Like any procrastinator, I weighed the brainpower necessary for (1) packing and (2) blogging, figured that packing would require less brainpower, and, therefore, packed while watching a film instead of writing my blog.
While tempted to watch all of season 3 of What’s New, Scooby Doo?, I instead watched a documentary film that my dad gave me called I Am.
In I Am, director Tom Shadyac asks each interviewee the following questions: What’s wrong with our world? What can we do about it?
G.K. Chesterton responded to the former in a letter that read, “Dear Sirs, I am,” and Shadyac uses this for not only the film’s title but also its ending narration:
“So now I ask one more question, what’s right with the world?
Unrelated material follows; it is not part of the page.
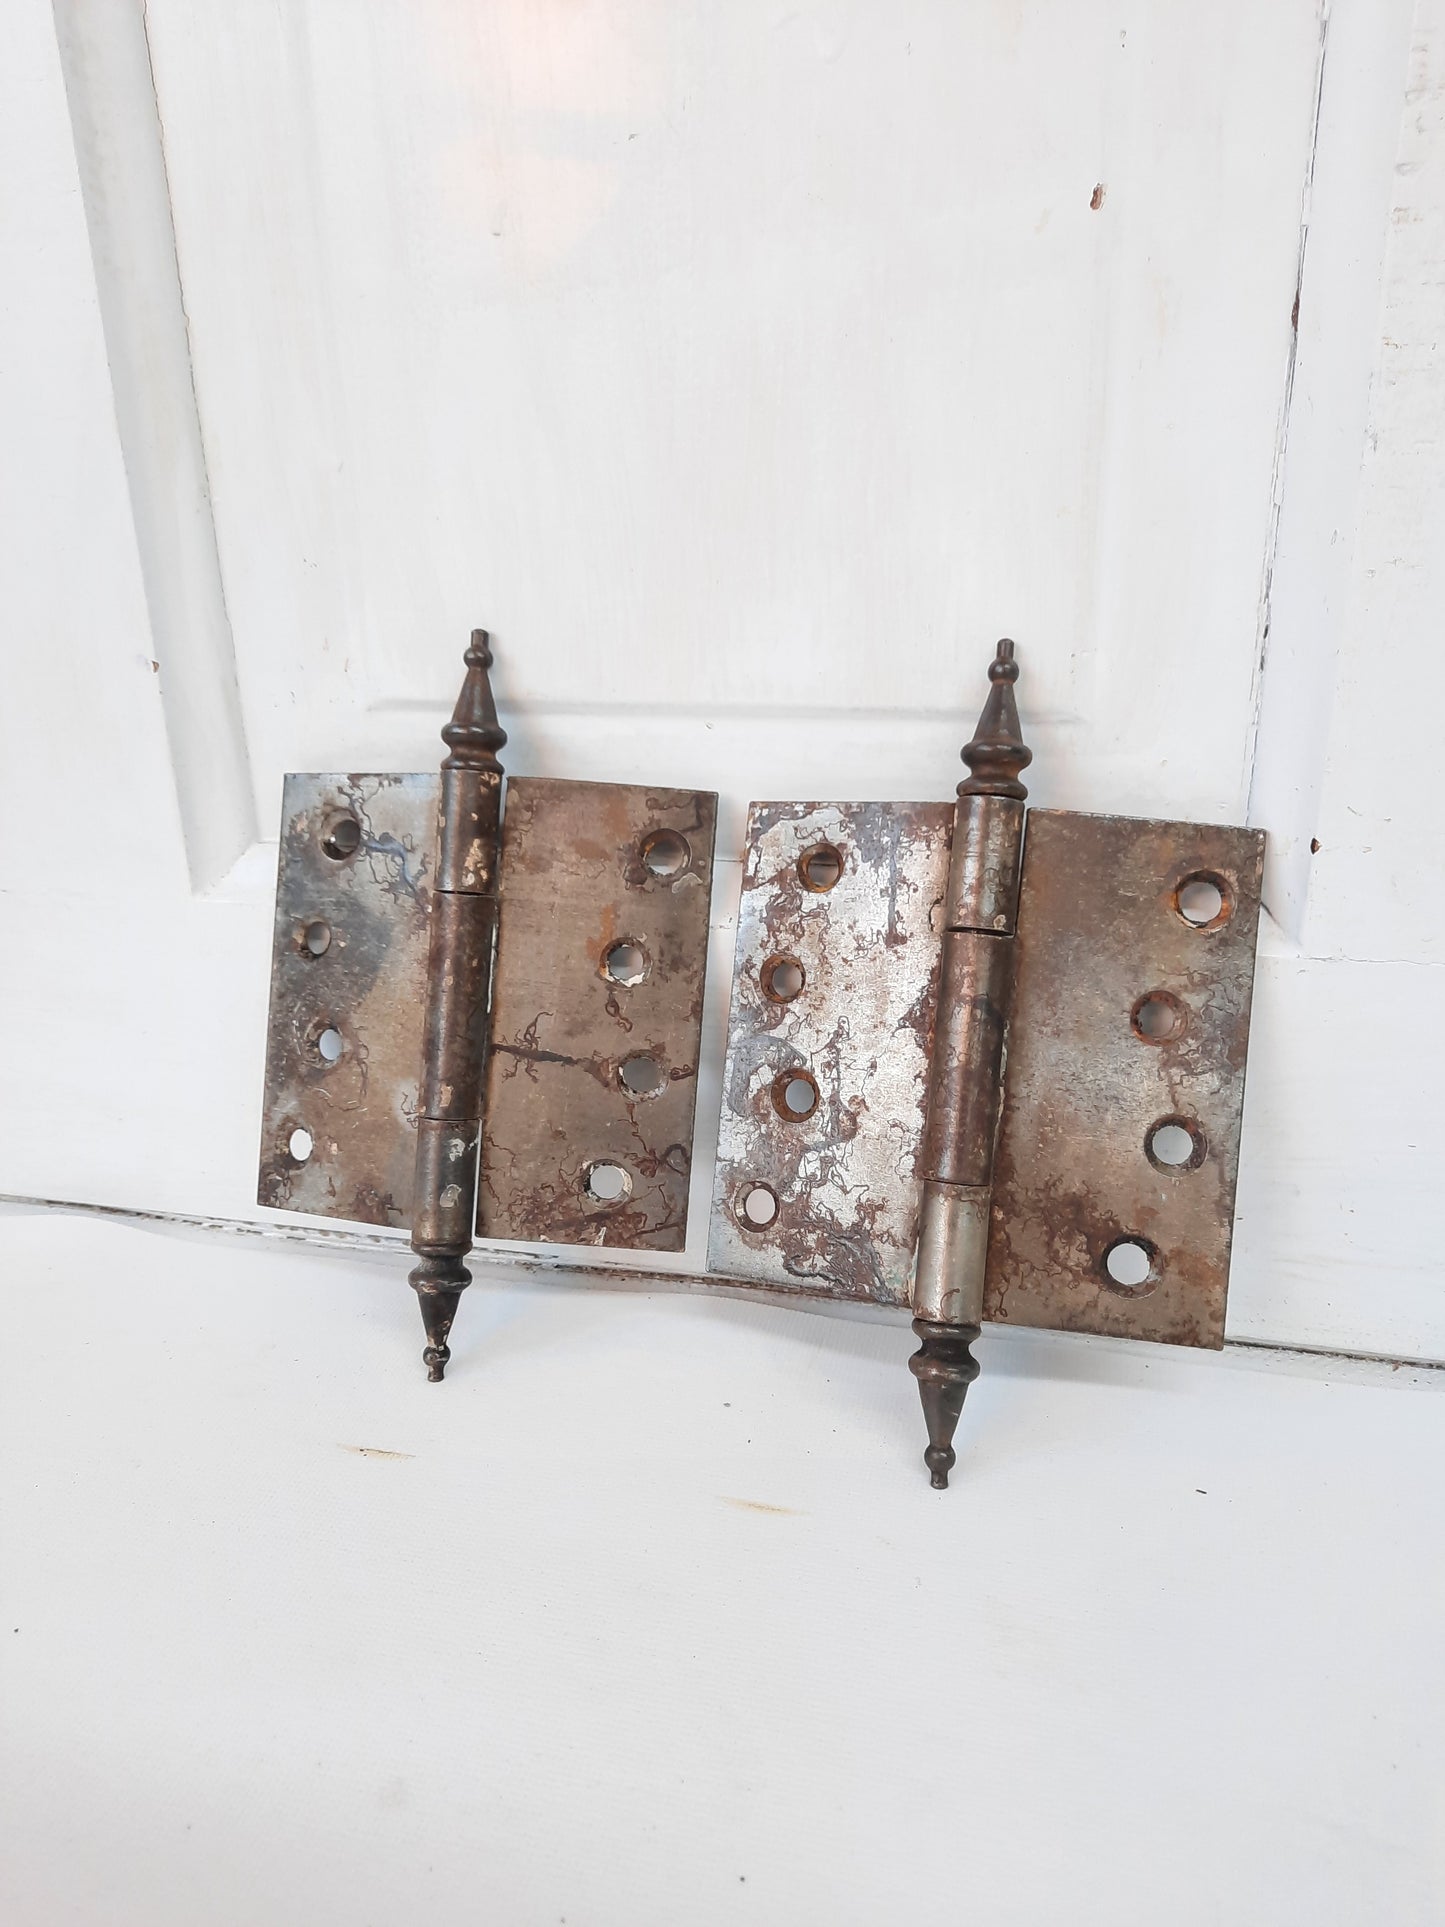 4" Pair of Steeple Tip Antique Hinges, Vintage Large Door Hinges or Hanging Hardware 111805

Here’s to the hope that one day we can all answer the same way, ‘I am.’”
I leave the United States saying, “I am,” as meant by Chesterton in his letter with the hope of returning saying, “I am,” as meant by Shadyac in his ending narration.
In his interview with Shadyac, Desmond Tutu says, “the truth of who we are is that we are because we belong.” Mother Theresa made a similar diagnosis of society’s problems when she said, “If we have no peace, it is because we have forgotten that we belong to each other.”
I am wrong when I see myself as separate from others and treat others as separate from me. I am wrong when I treat my neighbors (literally the house next door) as strangers. I am wrong when I limit my definition of neighbor merely to close geographic proximity. I contribute to what is wrong with the world.
Anyone can recite phrases like those of Tutu and Mother Theresa. But, to allow the fundamental human interconnectedness that they celebrate seep into our everyday actions and show that we do, in fact, belong to each other proves to be much more difficult.
So, may the people I encounter in Uganda serve as a sort of fuel that lasts a lifetime – a fuel to be what is right for the world.

You are a gifted storyteller, Elizabeth. I pray you can find the words to start making things right.